Source data:
+++++
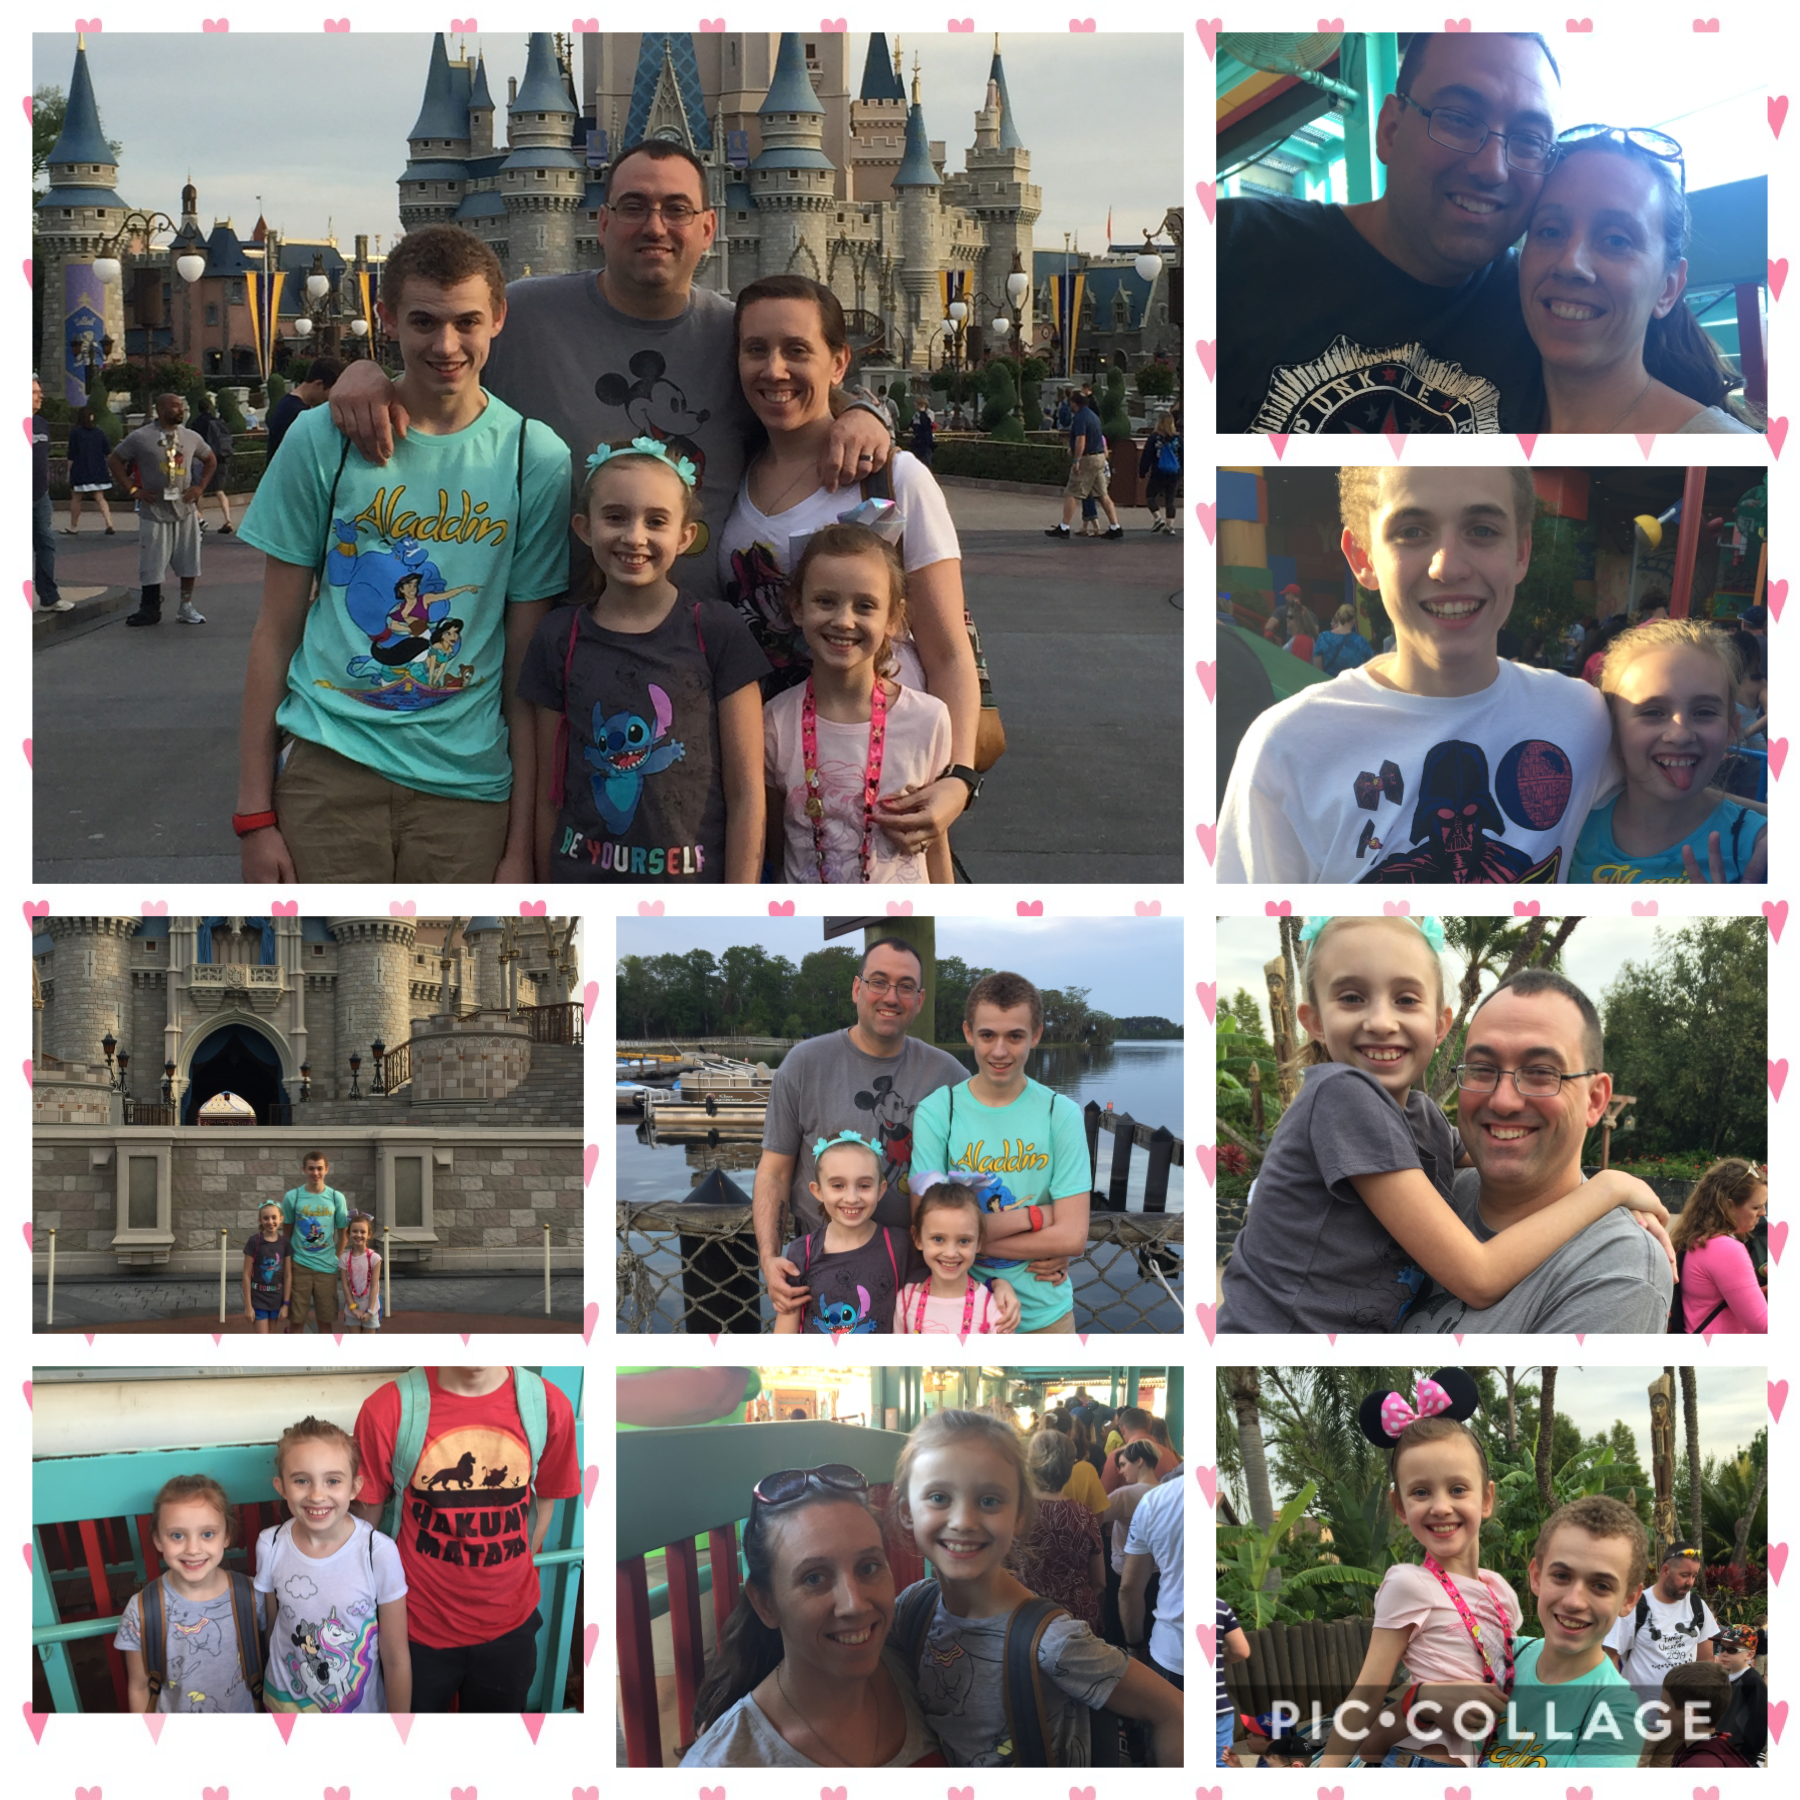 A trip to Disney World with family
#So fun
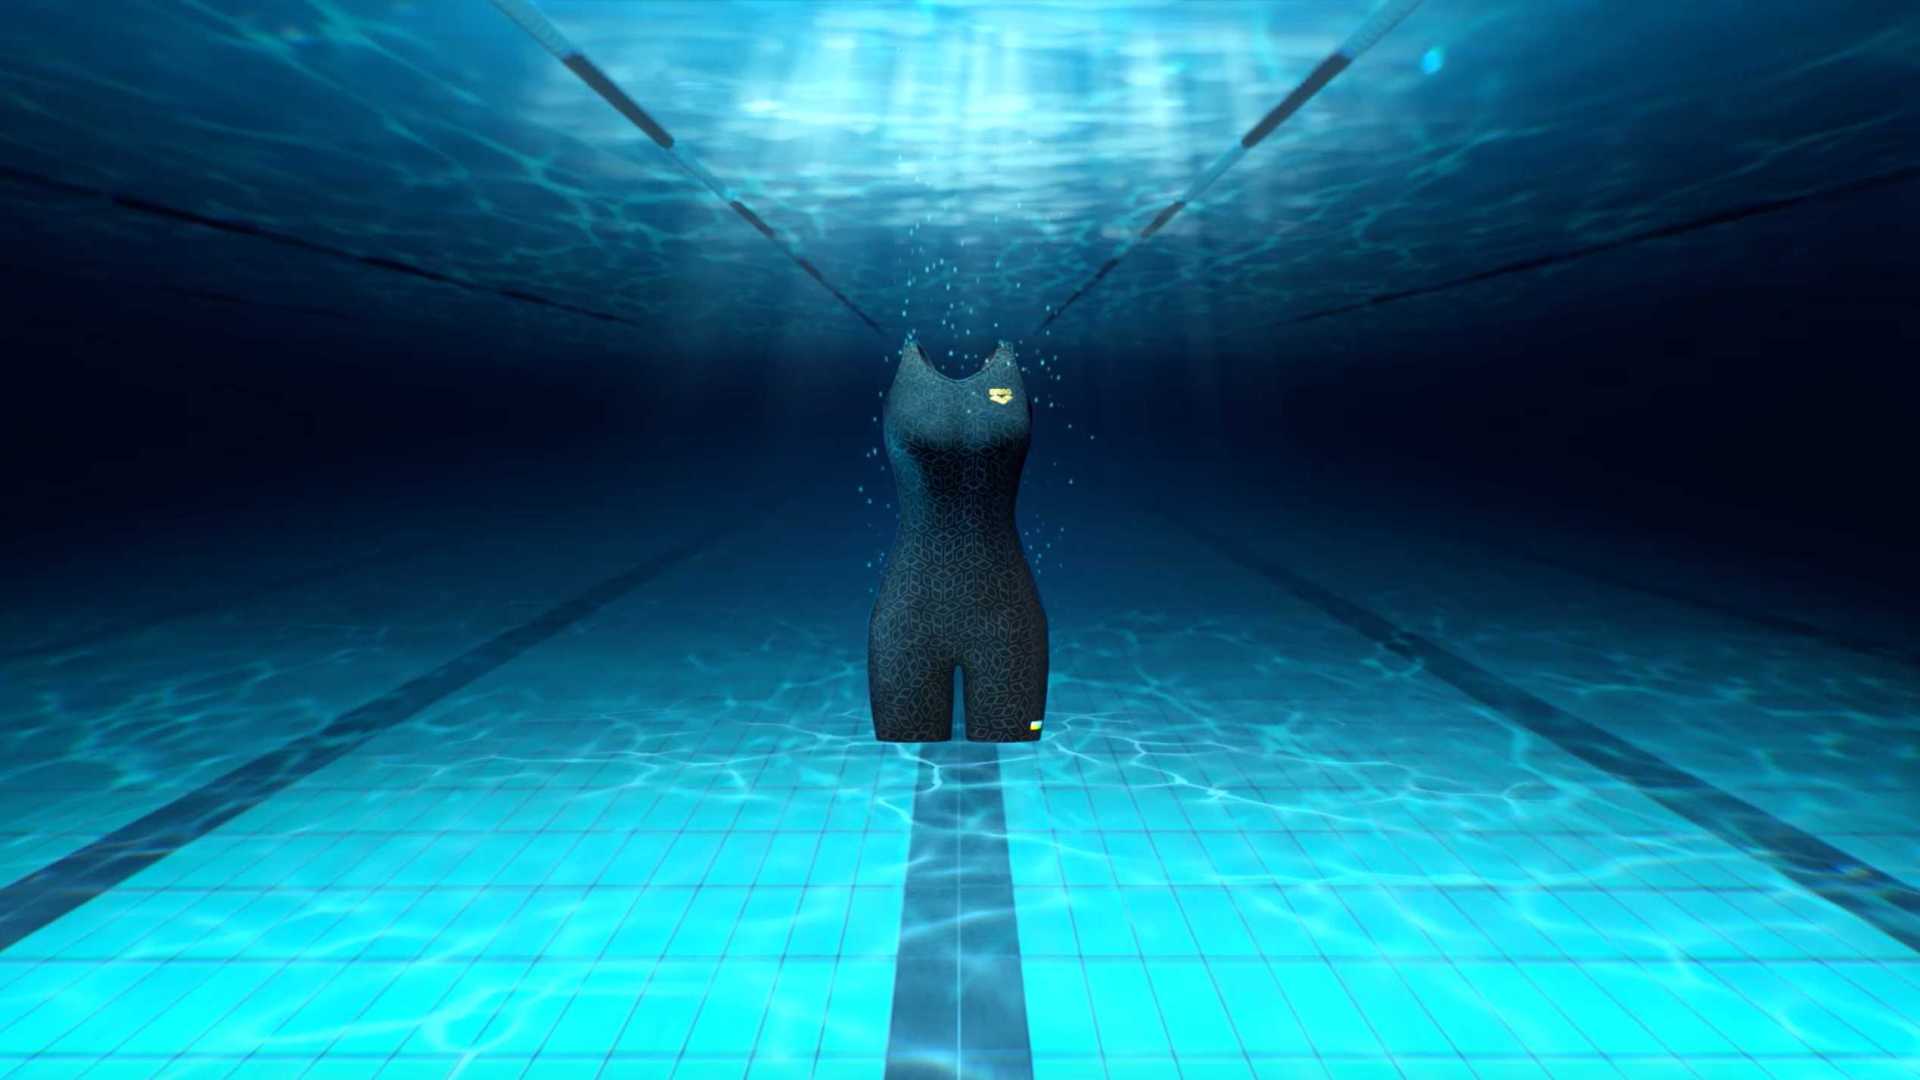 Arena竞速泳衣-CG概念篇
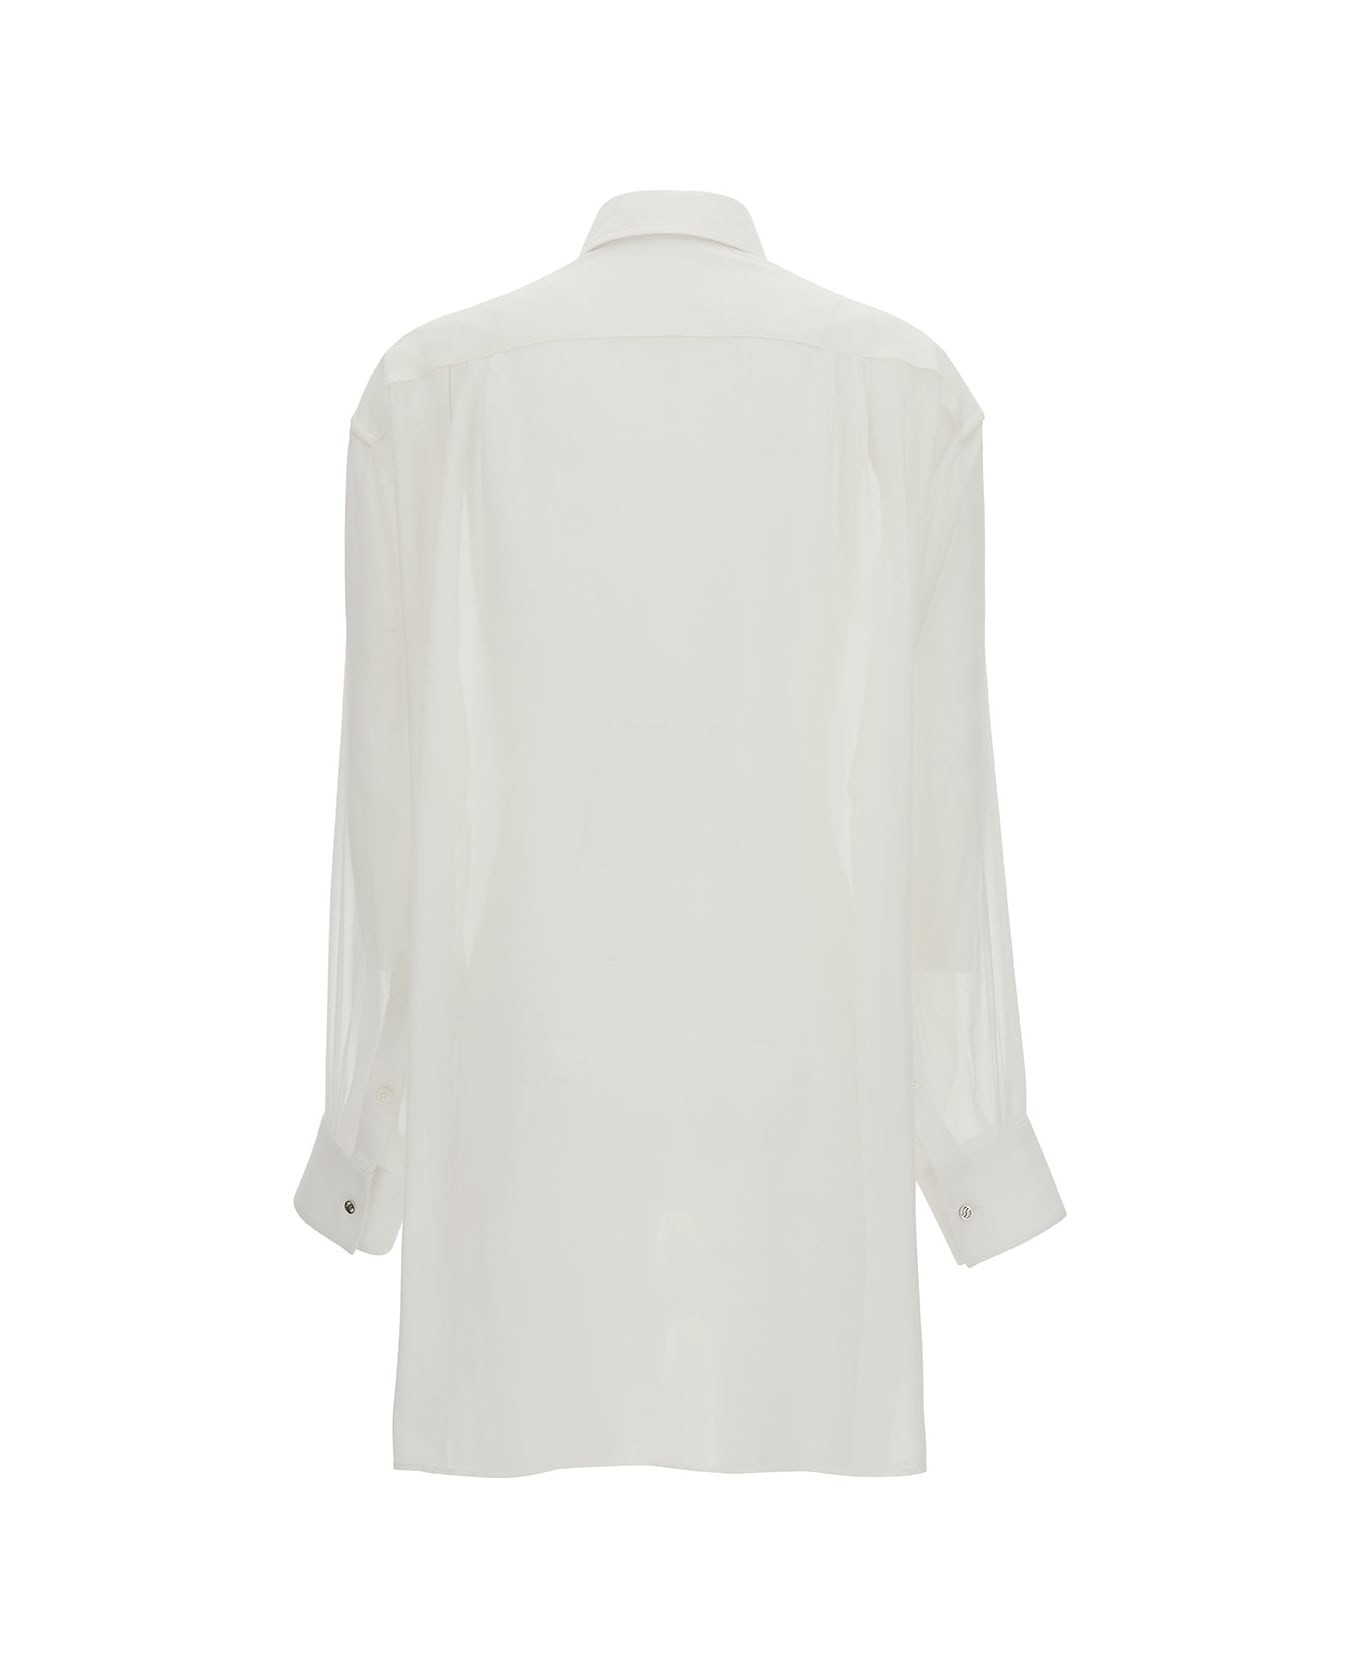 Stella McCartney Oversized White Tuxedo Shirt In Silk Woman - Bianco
+++++
What is needed:
Leaving out the pictures, output the listing above exactly as given.

Response area:
 A trip to Disney World with family
#So fun
 Arena竞速泳衣-CG概念篇
 Stella McCartney Oversized White Tuxedo Shirt In Silk Woman - Bianco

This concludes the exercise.